§ **Requirement**: The answer should hold every line of the listing, unchanged and free of images.

§ **Raw data**:

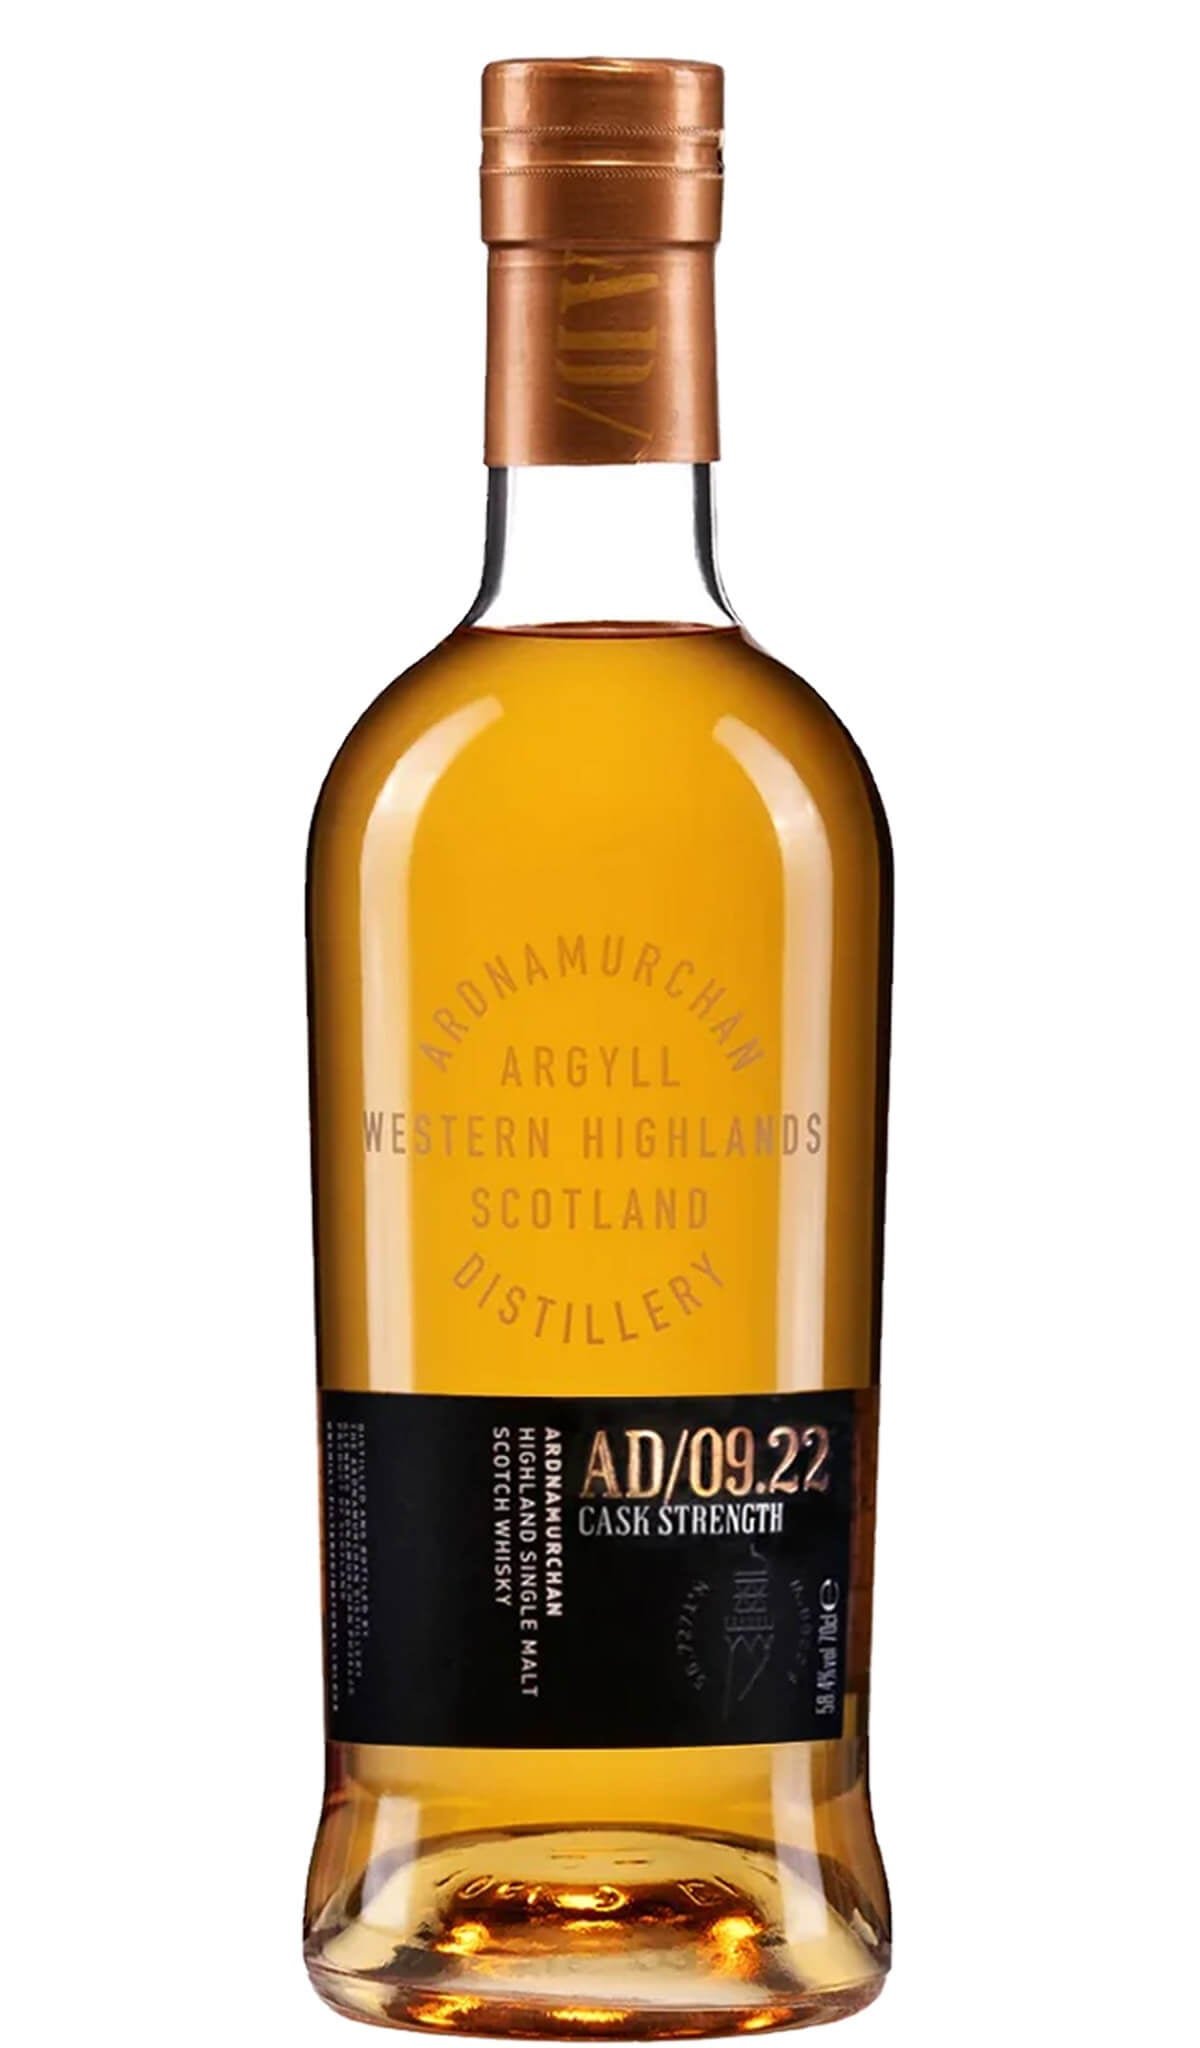 Find out more, explore the range and buy Ardnamurchan AD/09.22 Cask Strength 700mL available online at Wine Sellers Direct - Australia's independent liquor specialists.
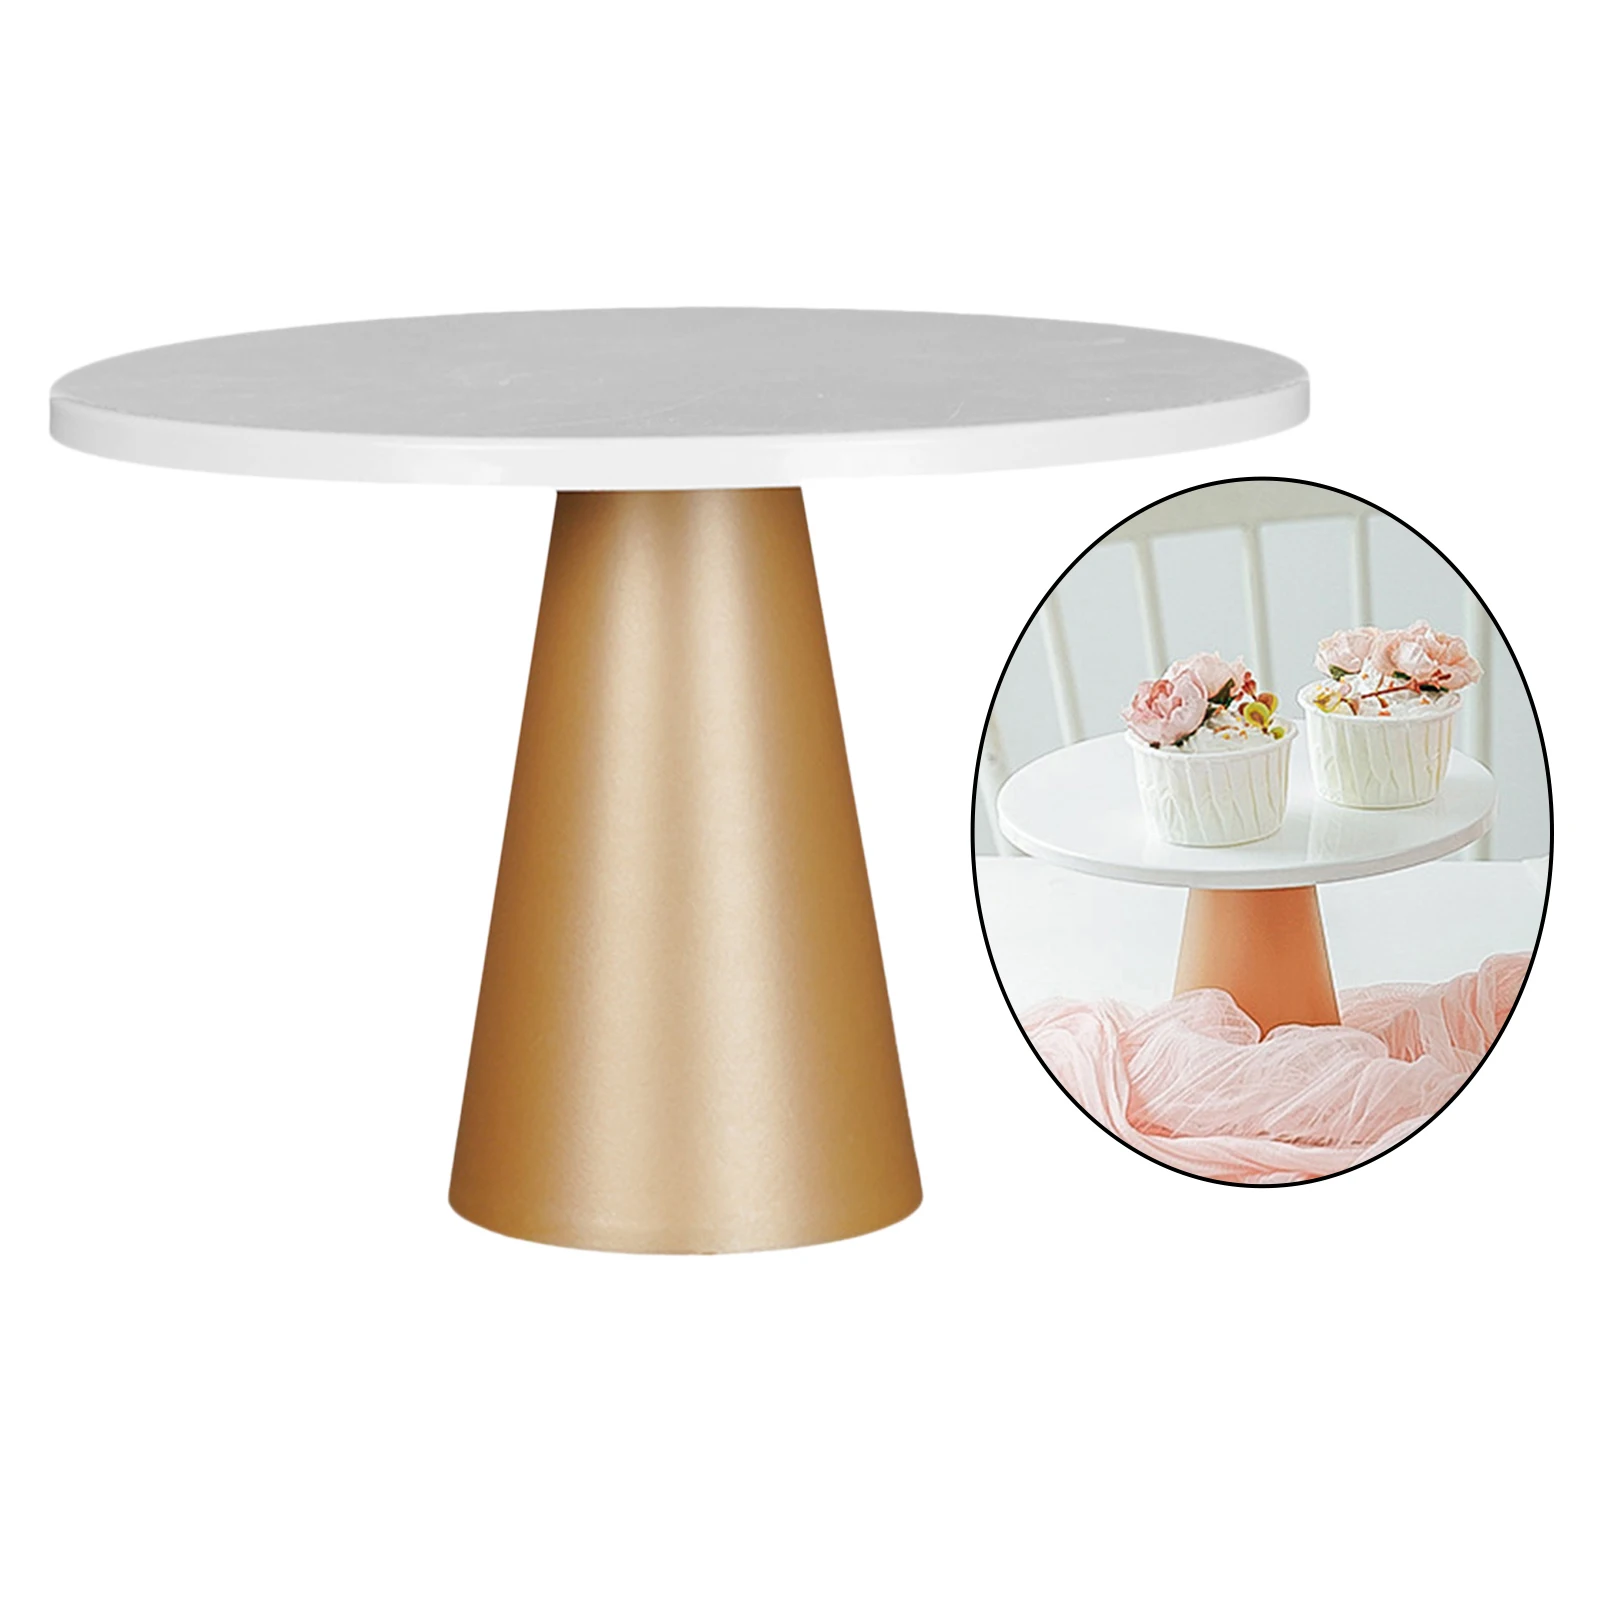 Wedding Table Cake Stands Golden Pie Plate Tray Shelf Party Kitchen Supplies
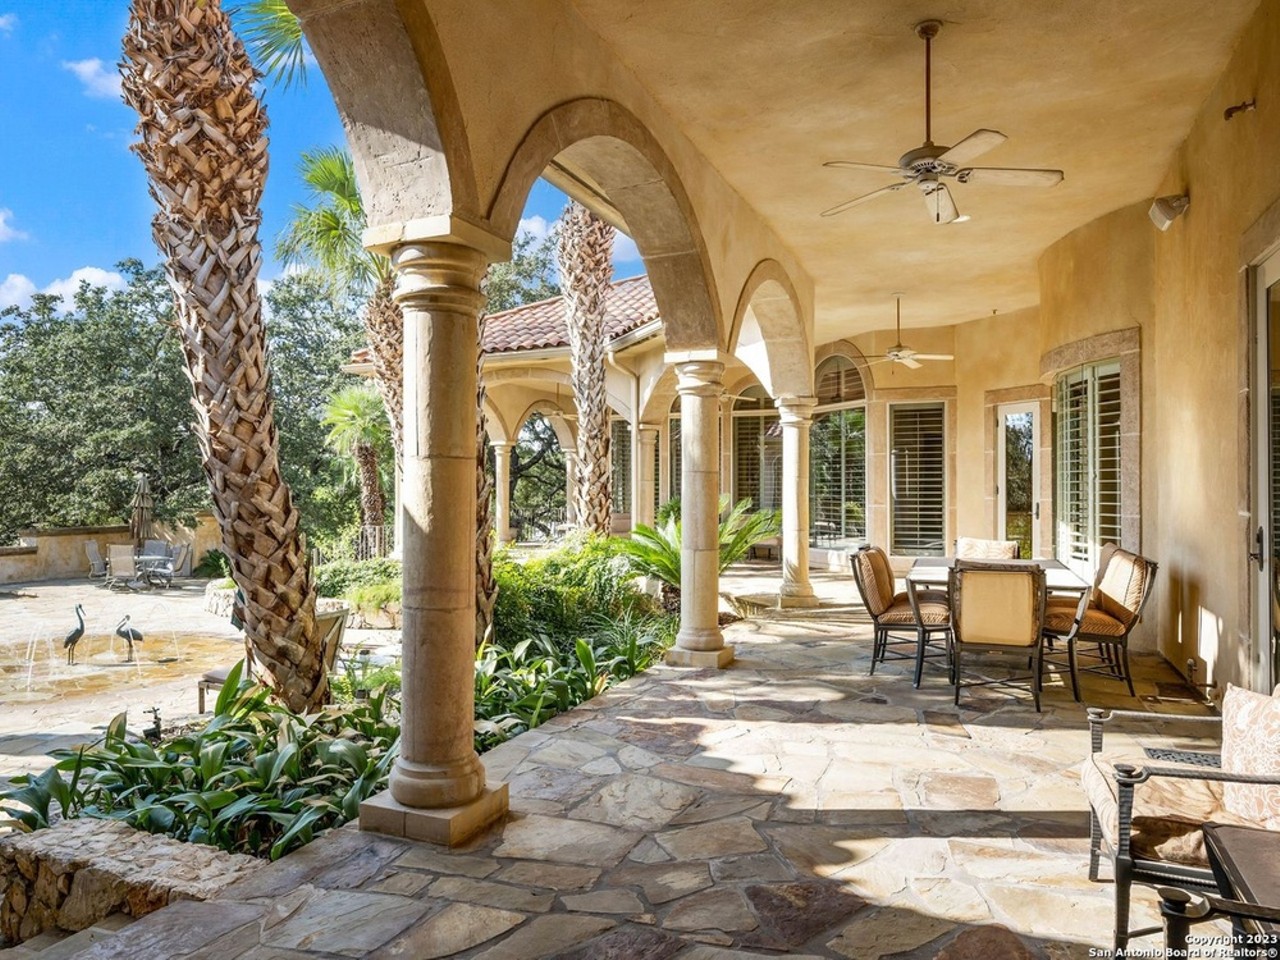 The president of San Antonio finance firm SWBC is selling his mansion in the Dominion
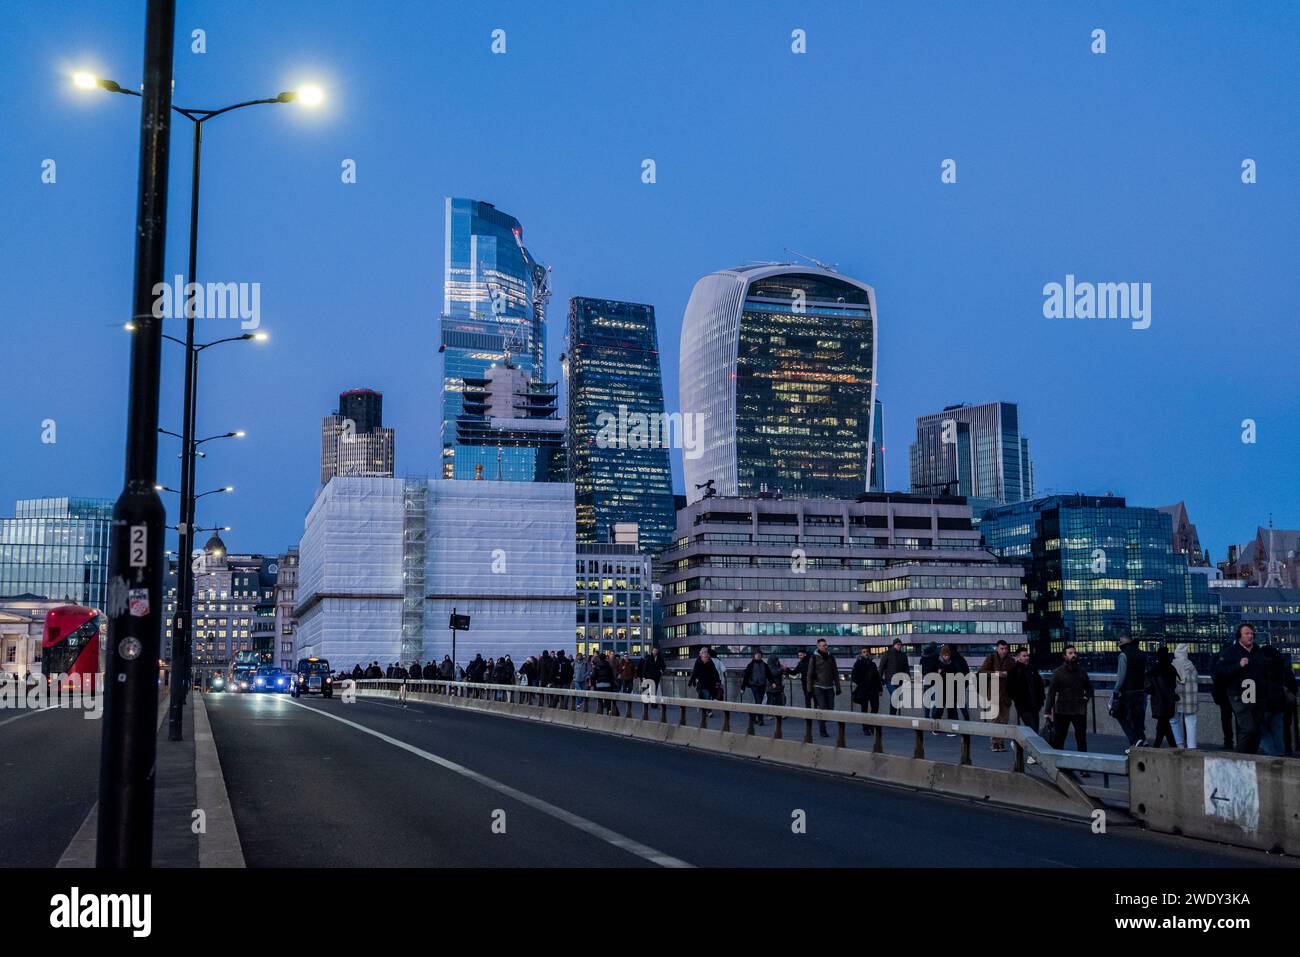 People walking over London Bridge and Cityscape of the City of London with the Walkie-Talkie and Cheesegrater towers,  London, England, UK Stock Photo

§ **Your response**:
 Find out more, explore the range and buy Ardnamurchan AD/09.22 Cask Strength 700mL available online at Wine Sellers Direct - Australia's independent liquor specialists.
 Wedding Table Cake Stands Golden Pie Plate Tray Shelf Party Kitchen Supplies
 The president of San Antonio finance firm SWBC is selling his mansion in the Dominion
 People walking over London Bridge and Cityscape of the City of London with the Walkie-Talkie and Cheesegrater towers,  London, England, UK Stock Photo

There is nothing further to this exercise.